Underwriters and Legal Framework

Goldman Sachs & Co. LLC is serving as the sole book-running manager for the offering. The shares were registered on a shelf registration statement on Form S-3, which was filed with the U.S. Securities and Exchange Commission (SEC) and automatically became effective when filed. This press release does not constitute an offer to sell or a solicitation of an offer to buy the shares in any jurisdiction where such offers would be unlawful.

The registration and sale of the shares will be made exclusively through a prospectus supplement and accompanying prospectus, copies of which may be obtained through Goldman Sachs & Co. LLC’s Prospectus Department by contacting them directly.

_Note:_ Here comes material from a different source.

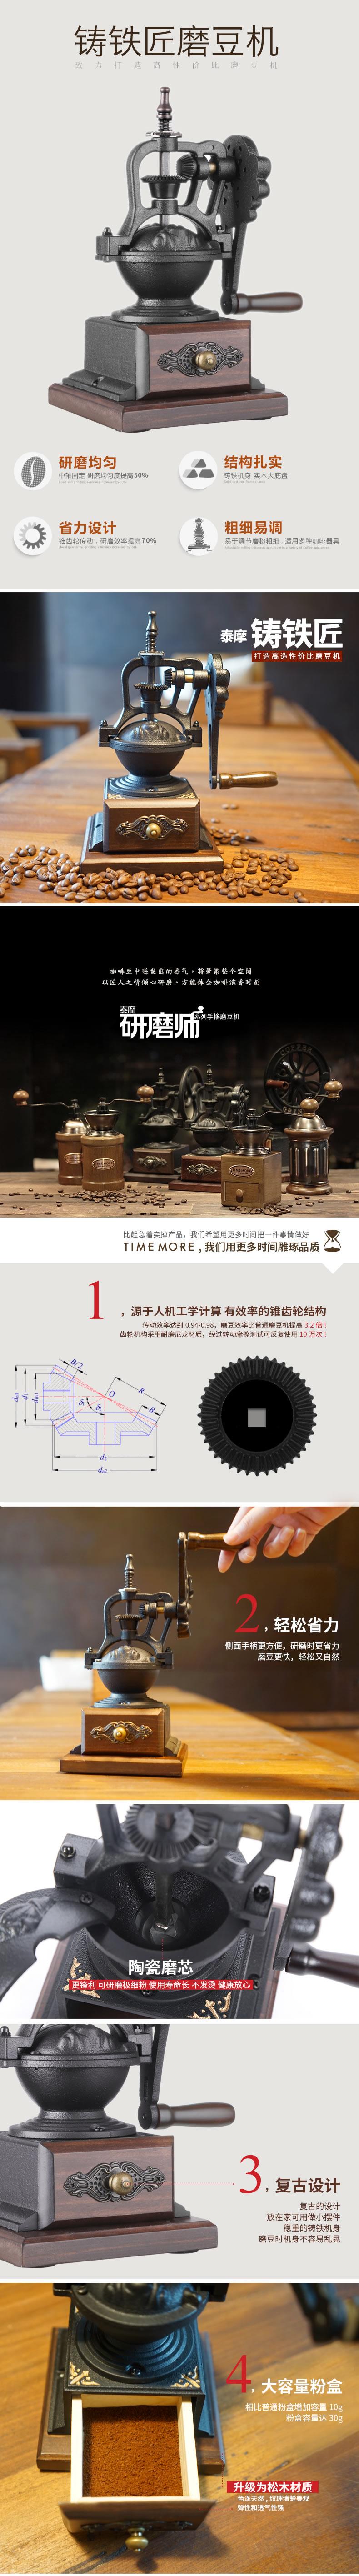 泰摩復古鑄鐵匠磨豆機TGD04WD詳情圖

Forward-Looking Statements

The announcement includes forward-looking statements about future events and expectations. These statements are based on BrightSpring’s current expectations and are not guarantees of future performance. They are subject to risks and uncertainties that could cause actual outcomes to differ materially from expectations, including changes in economic conditions, competitive environments, regulatory requirements, or other risk factors discussed in the company’s SEC filings.

Market and Strategic Context

The secondary offering and repurchase plan come at a time when BrightSpring has been actively managing its capital structure and providing liquidity options to existing shareholders. Secondary offerings do not directly raise capital for the company, but they do support trading liquidity and can help diversify the shareholder base. Concurrent share repurchases can signal confidence in the company’s valuation and may support the stock’s trading price by reducing available shares in the market.

About BrightSpring Health Services

BrightSpring Health Services, Inc. is a national provider of healthcare services that specializes in delivering home and community-based care, including pharmacy solutions, clinical services, and behavioral health services to patients with complex needs across the United States. Its services are primarily focused on populations that benefit from support outside traditional inpatient settings. The company operates under the NASDAQ ticker BTSG.

Expected Timeline and Investor Impact

The offering is expected to close on March 4, 2026, with the concurrent purchase of shares occurring simultaneously. Investors closely watching the transaction will likely focus on trading volumes, equity float changes, and the potential market signal sent by the company’s willingness to repurchase part of the shares. While the company does not receive direct proceeds from the secondary sale, the repurchase could support shareholder value by indicating confidence in long-term prospects.